====== INPUT DATA ======
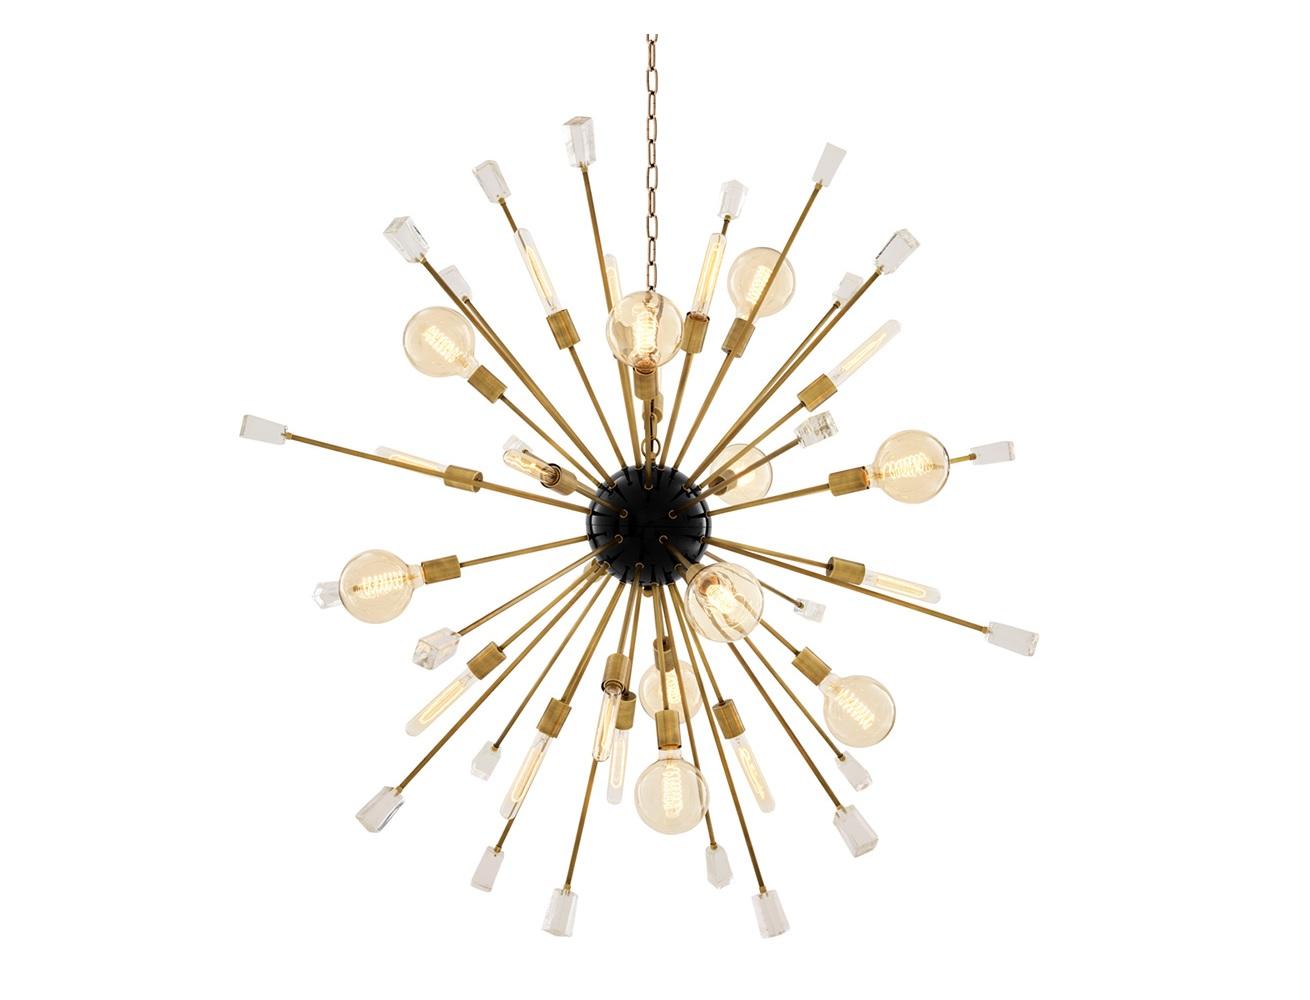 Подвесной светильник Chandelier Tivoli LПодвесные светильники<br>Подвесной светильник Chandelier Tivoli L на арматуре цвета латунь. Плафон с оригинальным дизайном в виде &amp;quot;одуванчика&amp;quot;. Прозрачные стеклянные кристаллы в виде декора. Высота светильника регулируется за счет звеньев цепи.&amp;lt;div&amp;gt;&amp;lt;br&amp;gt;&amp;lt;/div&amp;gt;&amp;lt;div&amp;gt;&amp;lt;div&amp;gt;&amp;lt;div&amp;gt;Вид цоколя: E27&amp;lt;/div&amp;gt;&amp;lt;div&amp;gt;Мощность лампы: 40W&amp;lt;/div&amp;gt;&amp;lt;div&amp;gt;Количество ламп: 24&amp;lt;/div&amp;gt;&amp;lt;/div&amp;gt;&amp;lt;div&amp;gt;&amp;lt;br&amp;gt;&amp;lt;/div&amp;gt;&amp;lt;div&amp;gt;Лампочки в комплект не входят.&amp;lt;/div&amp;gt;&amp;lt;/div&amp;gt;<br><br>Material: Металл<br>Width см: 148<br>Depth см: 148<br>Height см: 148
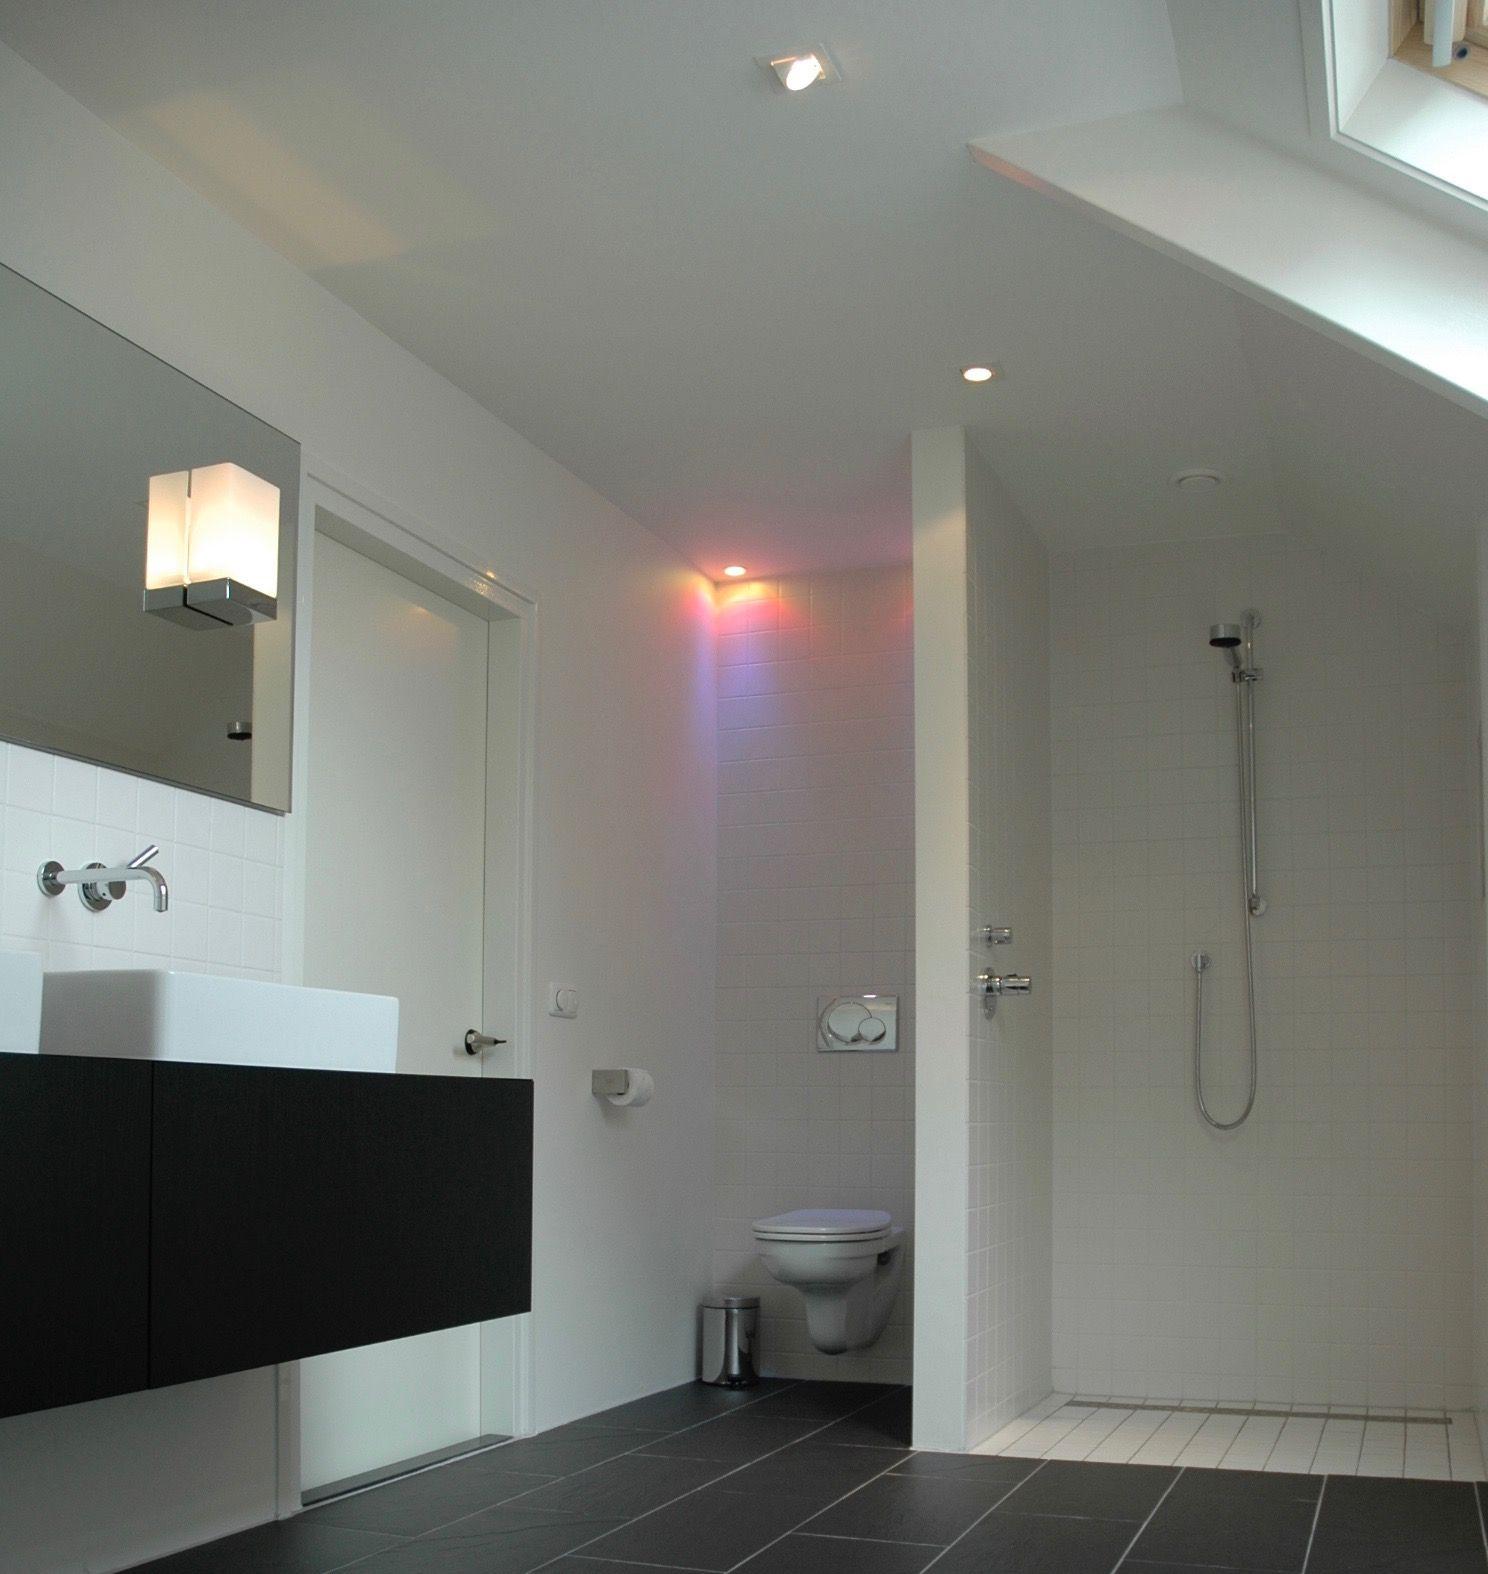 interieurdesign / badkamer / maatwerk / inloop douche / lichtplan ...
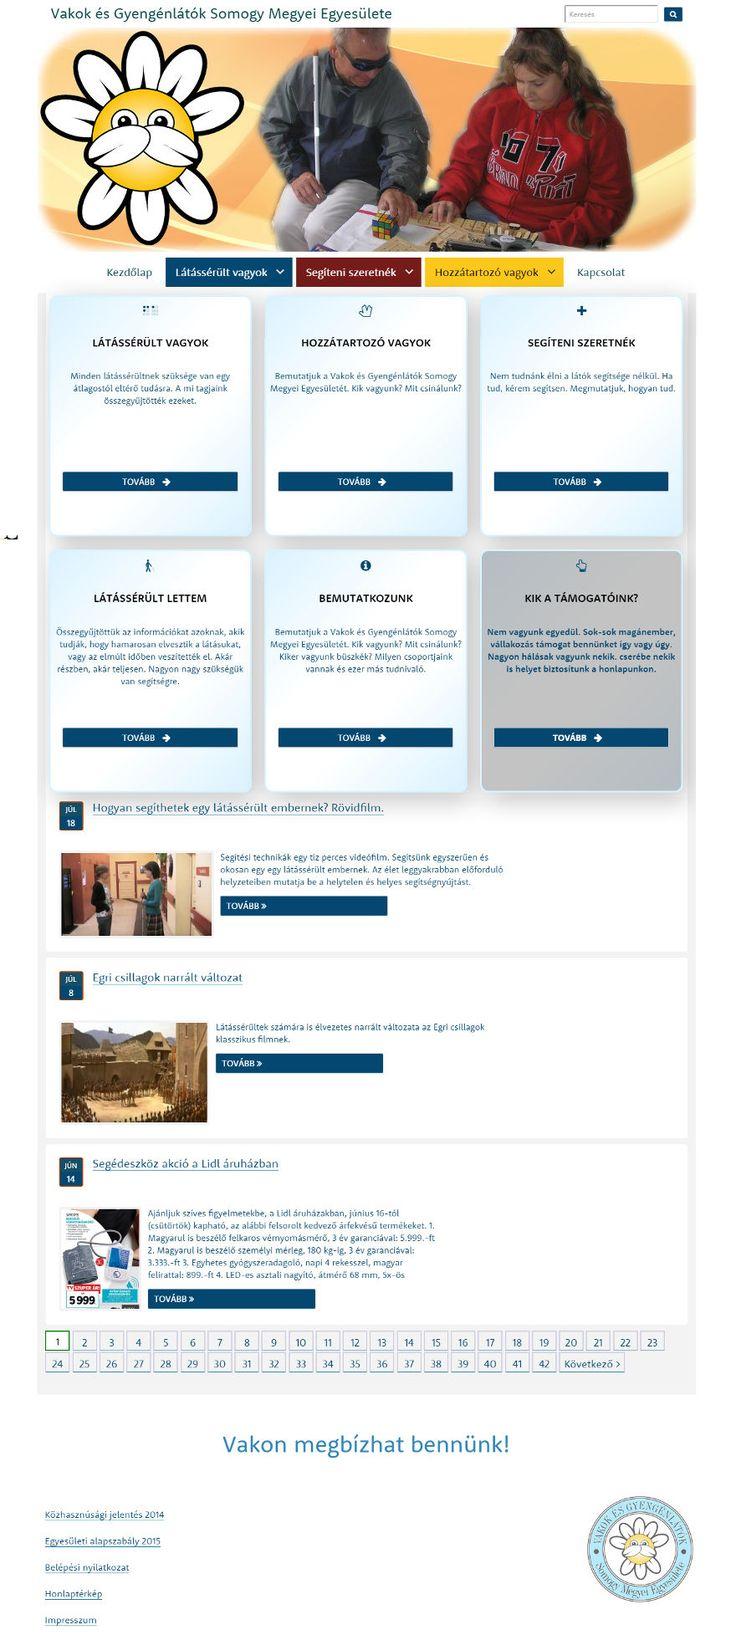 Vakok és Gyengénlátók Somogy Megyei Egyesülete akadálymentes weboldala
======
▶ _TASK OBJECTIVE_
All of the material above must be given again verbatim, except for the pictures.

▶ _TASK SOLUTION_
 Подвесной светильник Chandelier Tivoli LПодвесные светильники<br>Подвесной светильник Chandelier Tivoli L на арматуре цвета латунь. Плафон с оригинальным дизайном в виде &amp;quot;одуванчика&amp;quot;. Прозрачные стеклянные кристаллы в виде декора. Высота светильника регулируется за счет звеньев цепи.&amp;lt;div&amp;gt;&amp;lt;br&amp;gt;&amp;lt;/div&amp;gt;&amp;lt;div&amp;gt;&amp;lt;div&amp;gt;&amp;lt;div&amp;gt;Вид цоколя: E27&amp;lt;/div&amp;gt;&amp;lt;div&amp;gt;Мощность лампы: 40W&amp;lt;/div&amp;gt;&amp;lt;div&amp;gt;Количество ламп: 24&amp;lt;/div&amp;gt;&amp;lt;/div&amp;gt;&amp;lt;div&amp;gt;&amp;lt;br&amp;gt;&amp;lt;/div&amp;gt;&amp;lt;div&amp;gt;Лампочки в комплект не входят.&amp;lt;/div&amp;gt;&amp;lt;/div&amp;gt;<br><br>Material: Металл<br>Width см: 148<br>Depth см: 148<br>Height см: 148
 interieurdesign / badkamer / maatwerk / inloop douche / lichtplan ...
 Vakok és Gyengénlátók Somogy Megyei Egyesülete akadálymentes weboldala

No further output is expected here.